From then on, came the fascinating task of sexing them and it was not at all as straight forward as we were reading or hearing. It was relatively easier with the Welsummers but with the others, it was much harder and we couldn’t decide. We now know why it was so hard: out of sixteen chicks, we had three hens and thirteen cockerels and we didn’t expect that.

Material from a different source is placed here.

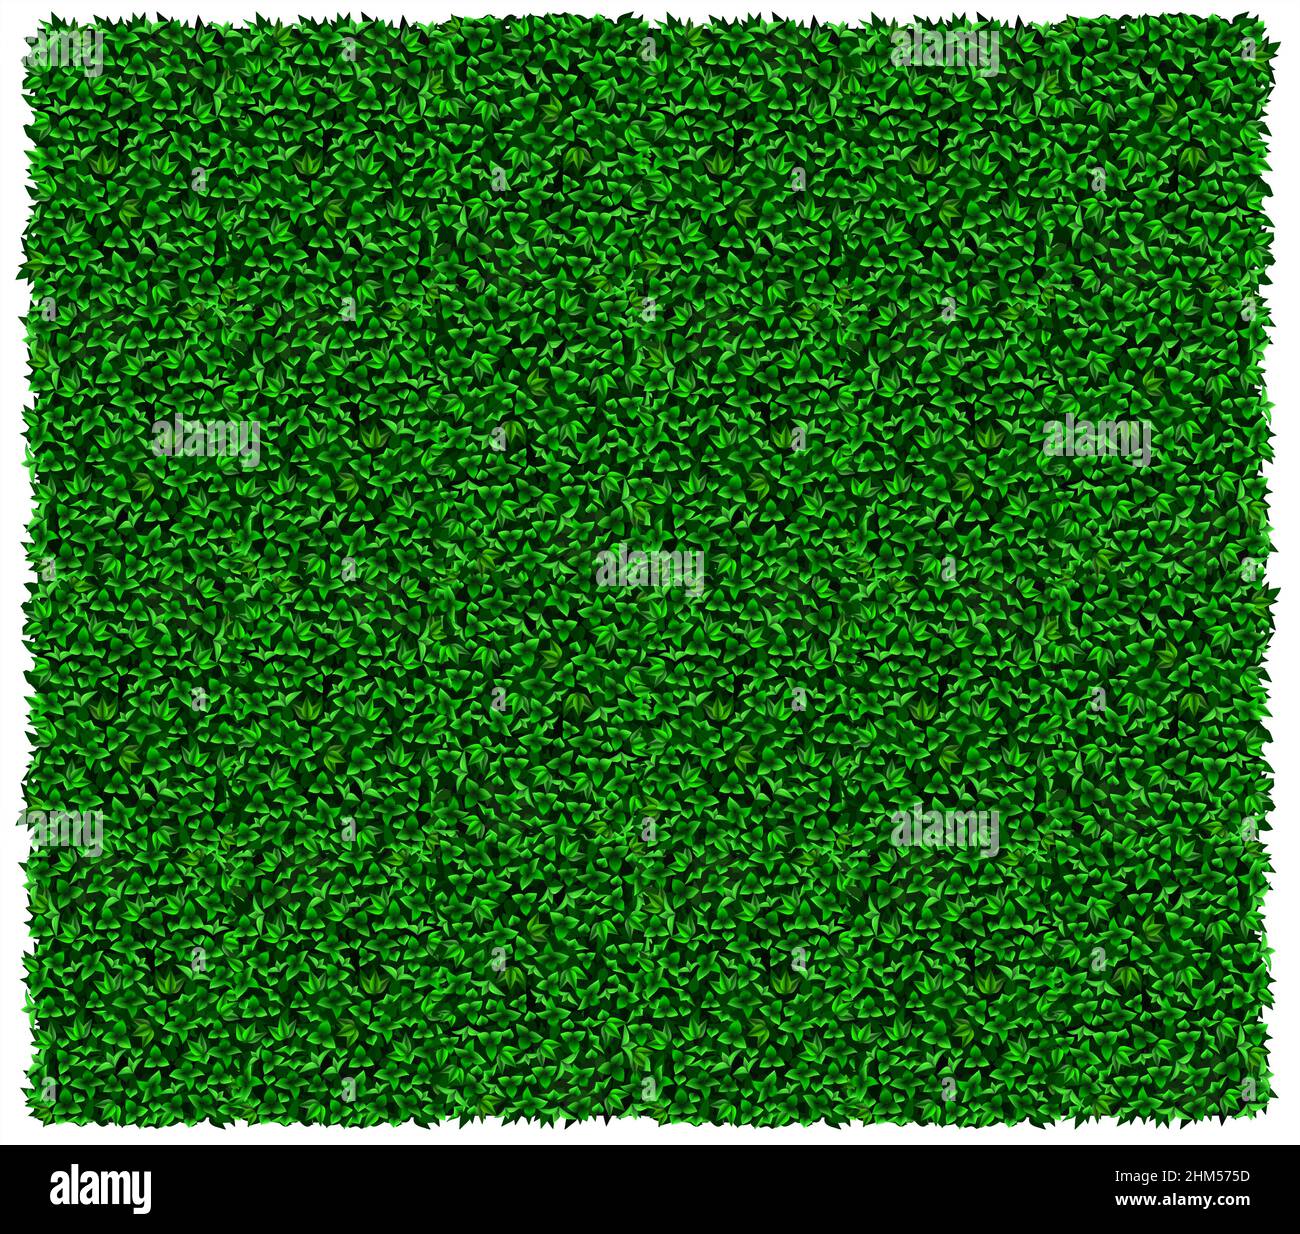 Texture of green wall of grapes or ivy. Vector graphics. Green leaves Stock Vector

I had been confident that the three hens were hens several weeks before but I was looking for more hens in the thirteen cockerels and was trying to see differences that weren’t really there: a wattle and comb a little less red in some, chest a little less brown on the Welsummers… until it dawned on me what we had. Then it was obvious and the crowing and fighting enabled us to confirm our hunches. The odds are slightly higher for cockerels but we had a poor ratio here!!
It would have been nice to have more choice with the hens, although I am very happy with our one Welsummer, one Skyline and one the breed of which we are unsure. Extra hens would have also given us the opportunity to sell some, which would have helped recoup some of the money spent on feed. The agreement with our neighbour was that he would take the cockerels to finish off as meat. We have kept one beautiful Welsummer chap (think of the cockerel on the Kellogs Cornflakes packet!) to keep in our flock as having a male does provide extra protection and gives us the chance to have fertile eggs for future incubating or to sell. His cockledoodledoos in the early morning are not too much of a bother at present as he is still finding his voice! His twelve mates have now gone up the hill to join the neighbour’s flock and our 12-week old chicks are settling into our already established little flock. They hang around largely together, moving as a group of four, and they do look a little lost in the new hen house. We will be introducing the other hens into it at some point and we will do so when we no longer feed them medicated pellets, which laying hens cannot have.
In the meantime, we look forward to our three young hens laying their first eggs in about six to eight weeks’ time, when the older ones will begin to decrease their production as the days become much shorter. Will we have blue eggs to add to our egg boxes?